I have no idea. Does SHOWREEL need a marketing budget, like a movie or a game? And I suppose the AI tool market is already crowded and getting more crowded. Maybe something like YouTube ads?
Yeah that's exactly right. Organic business growth on the modern Internet Lies somewhere between myth and legend. People will get lucky here and there for a number of reasons, But for the large majority of companies that luck is bought and paid for via marketing.

I'm already working on a Youtube ads campaign for this, And I have significant experience running similar campaigns for companies in the past, But I'm horrifically underfunded, So I need a good bit of luck for this to work.

If you keep a really tight rein on your ad spend and hypertarget, you can get some real impact out of a relatively small ad investment, so I'm going to combine that approach with whatever inventive guerrilla marketing techniques I can come up with. It's a product that would be a big hit with the right kind of customer, and word would get around once saturation hit a certain threshold. It's an incredible convenience for certain niche tasks and the kind of tool where you wouldn't want to go back once you'd been using it for a while. If I can get even a small customer base reliant on it it will be enough to drip feed marketing and grow the company. I used to do all this work manually, and I'd be up all night cutting together a three minute reel that flowed well with a music track.
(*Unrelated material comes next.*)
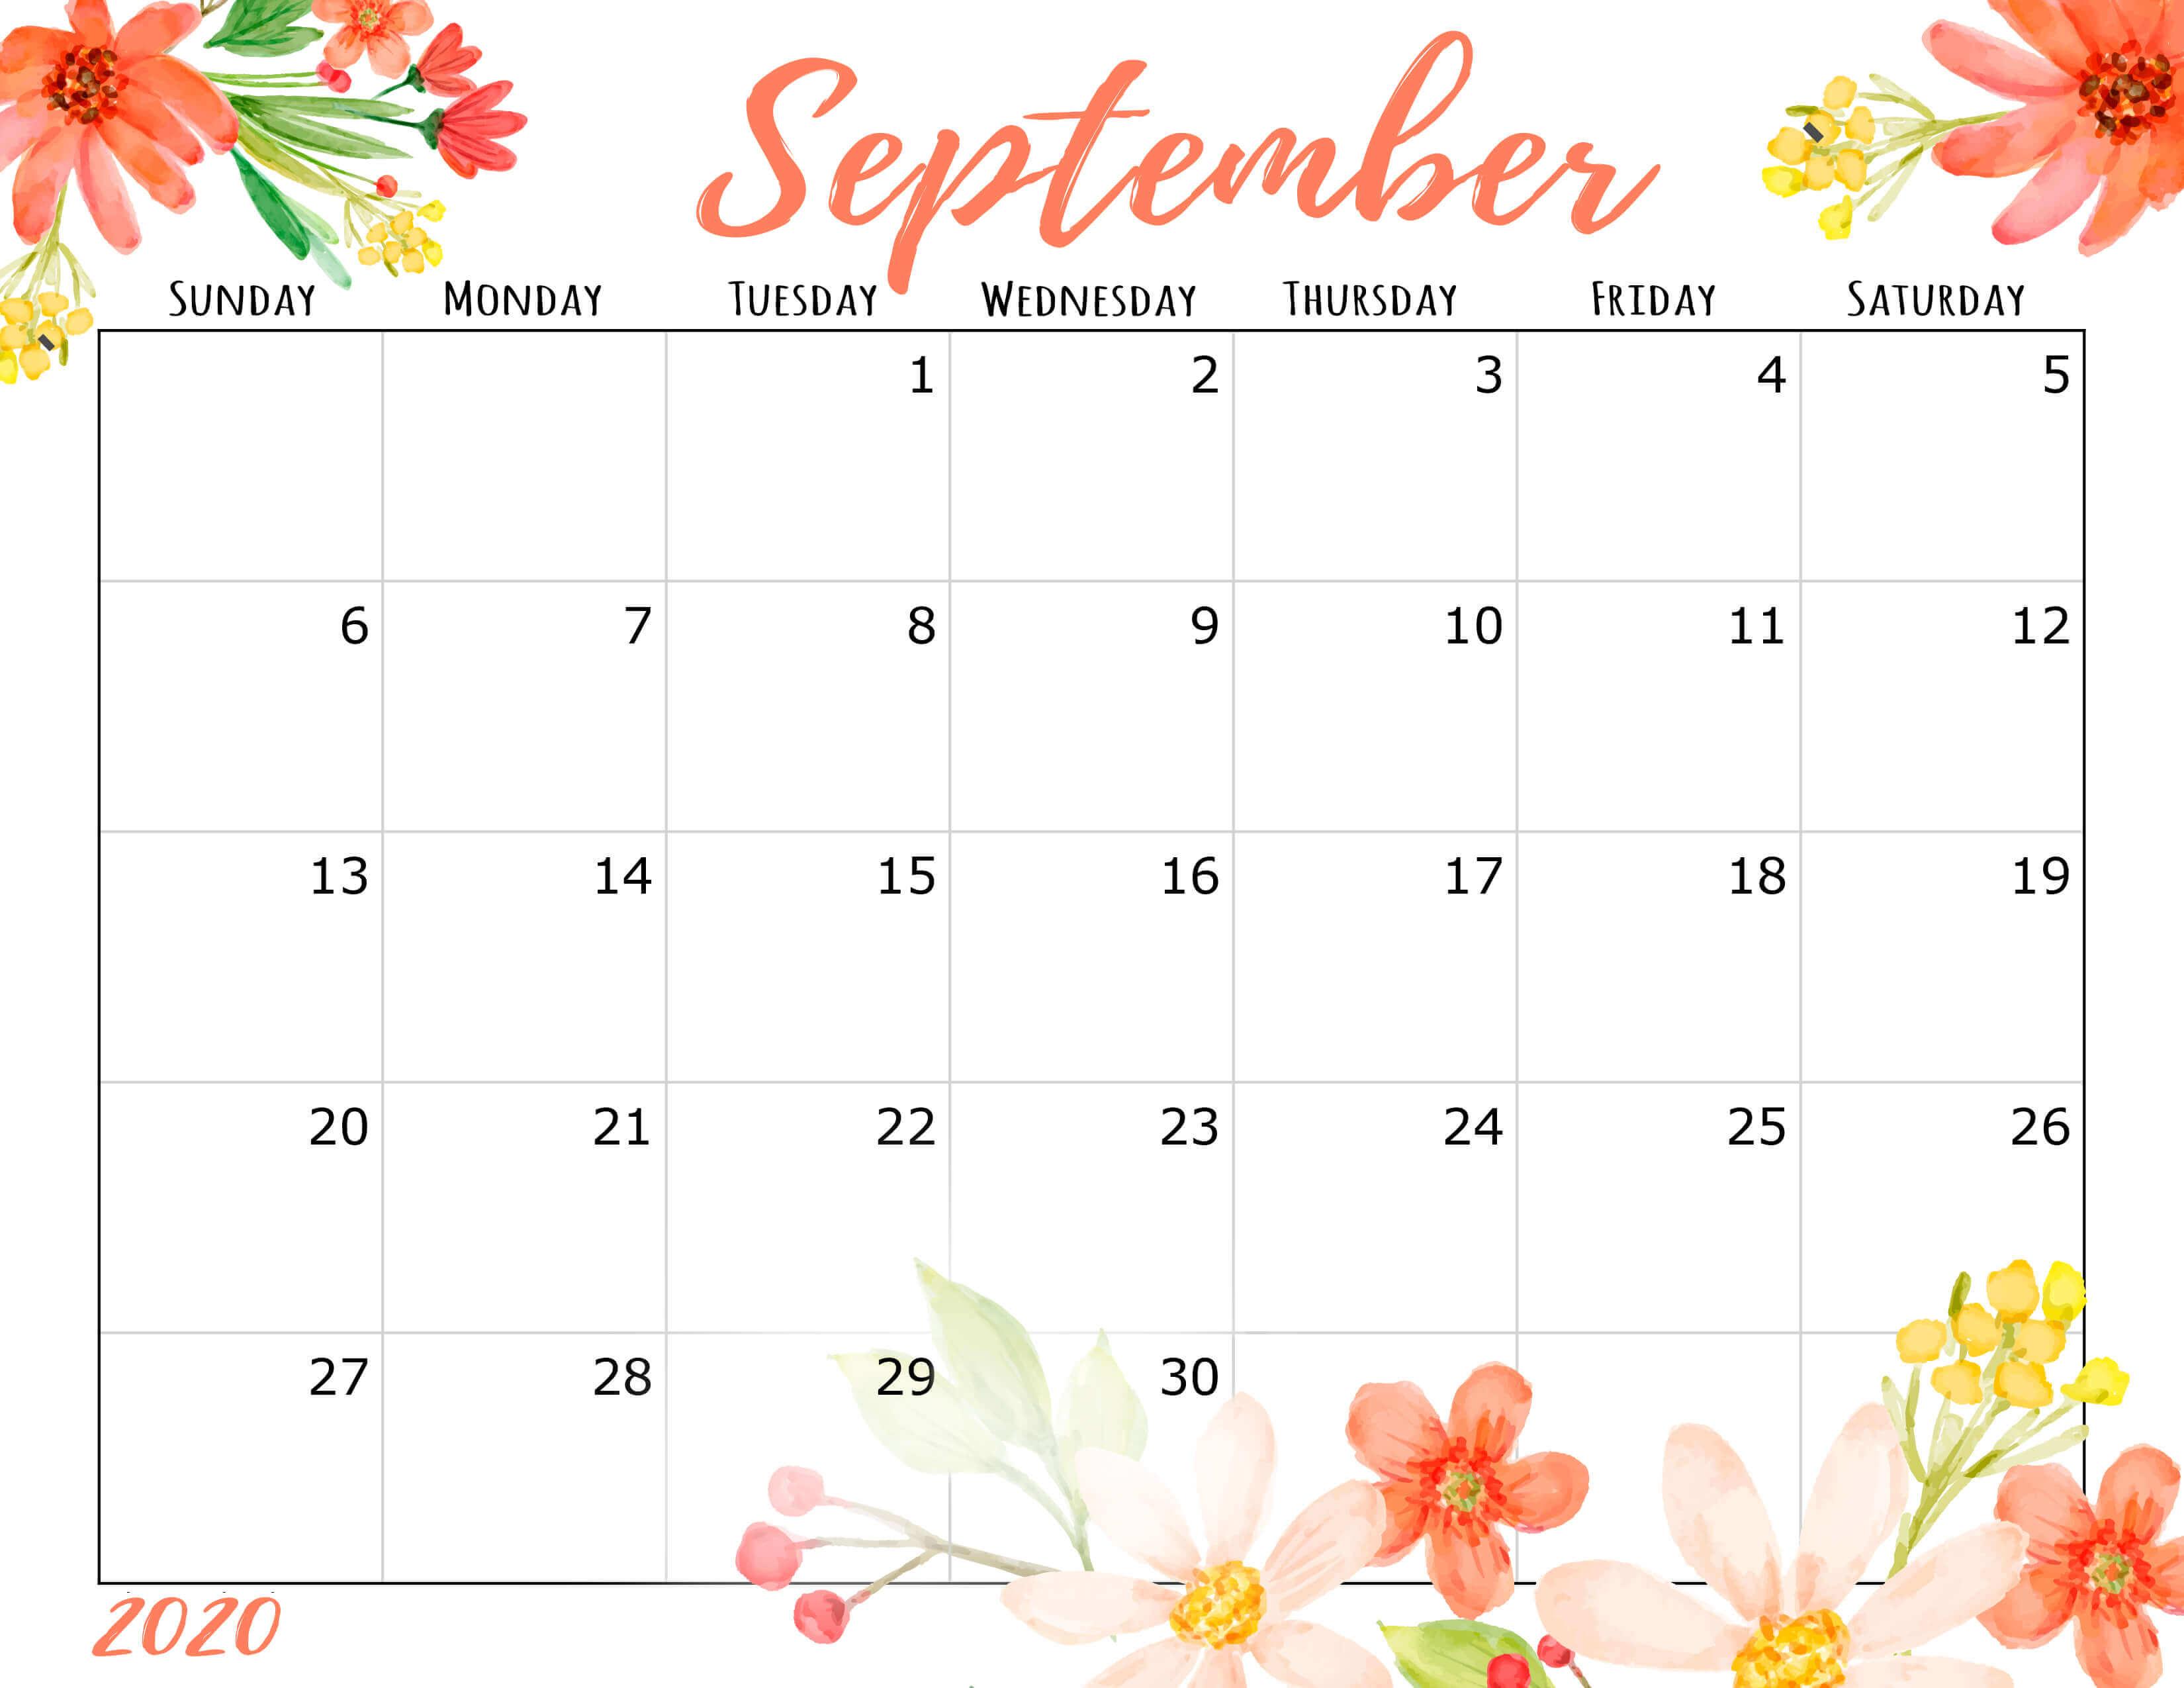 Cute September 2020 Desk Calendar
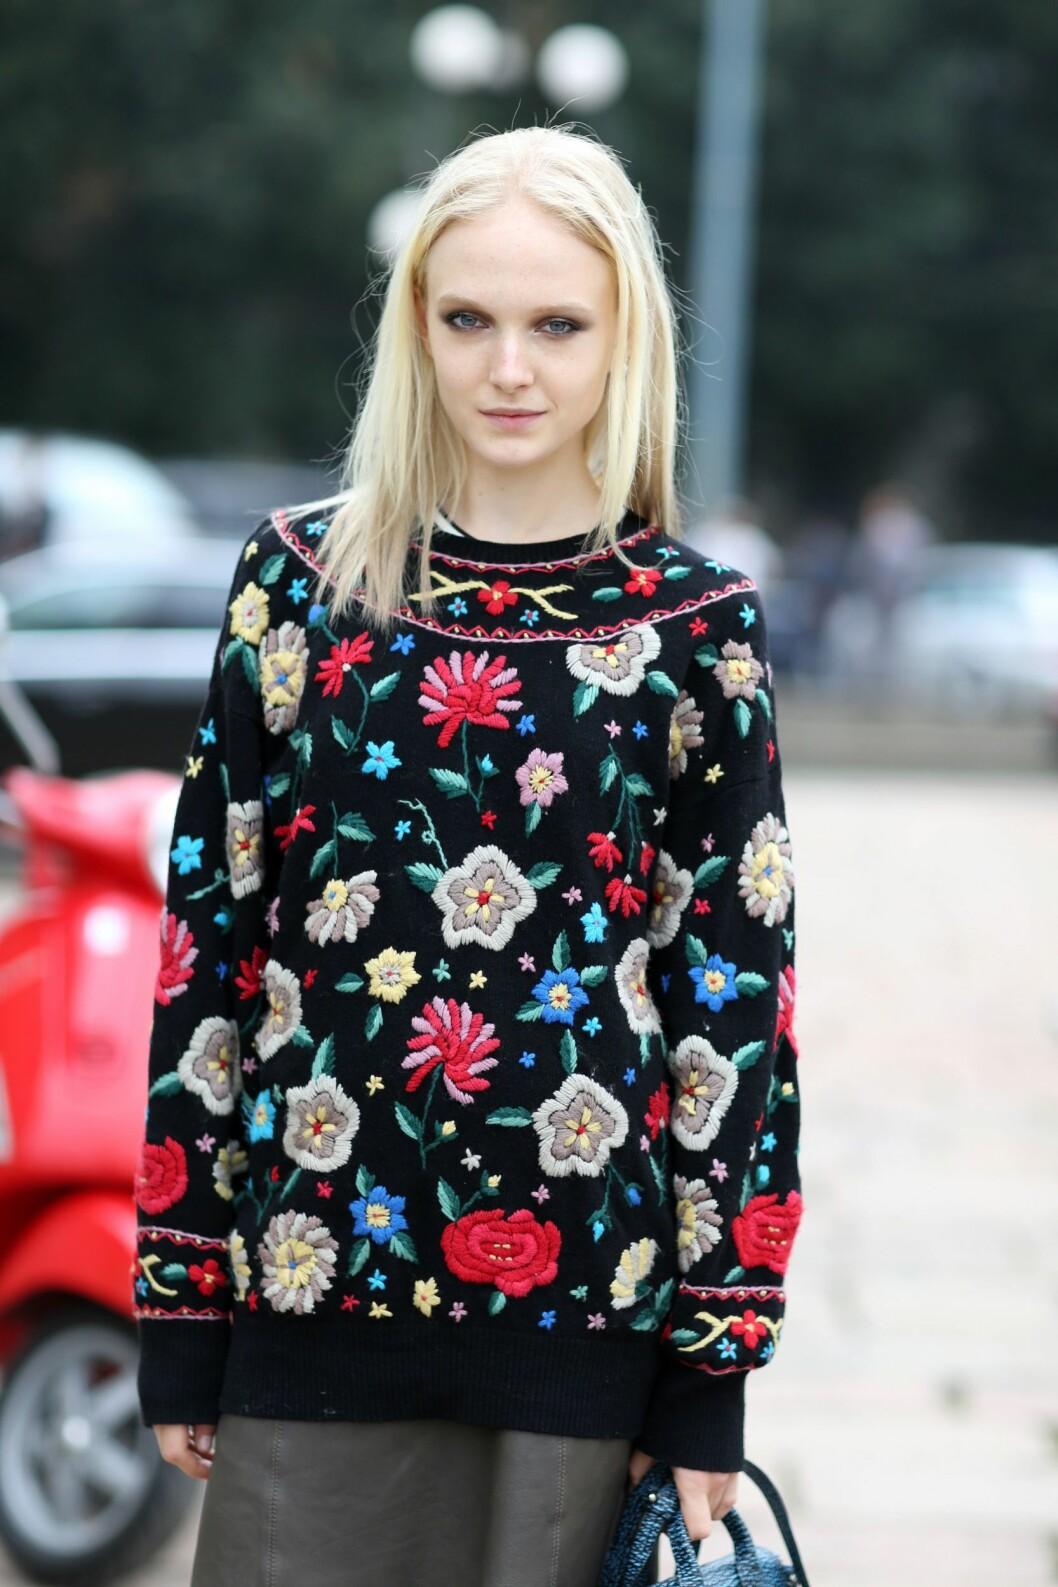 Vinterens mest populære plagg må være strikkegenseren - hvorfor ikke prøve en med blomstermønster? Foto: All Over

This thing will do that for a dollar in 10 minutes, And that's version 1.0.

Most significantly, I have already developed technology far beyond what's available here, So if I can get over the hump of introducing it to the market in its most basic form it can grow into something far more powerful. Right now my strategy is to keep the learning curve or barrier for entry as low as possible, Then slowly introduce more powerful features after people are already familiar with the basic concept and interface.

As far as competition in the AI marketplace, there's tons of it right now, and it's all moving very fast and unpredictably. I have a strong advantage at particular moment because there isn't a single fully automatic video editor out there, So I've got pole position if I can make the world's cheapest ad campaign work out. No small task in today's rather hostile ad market.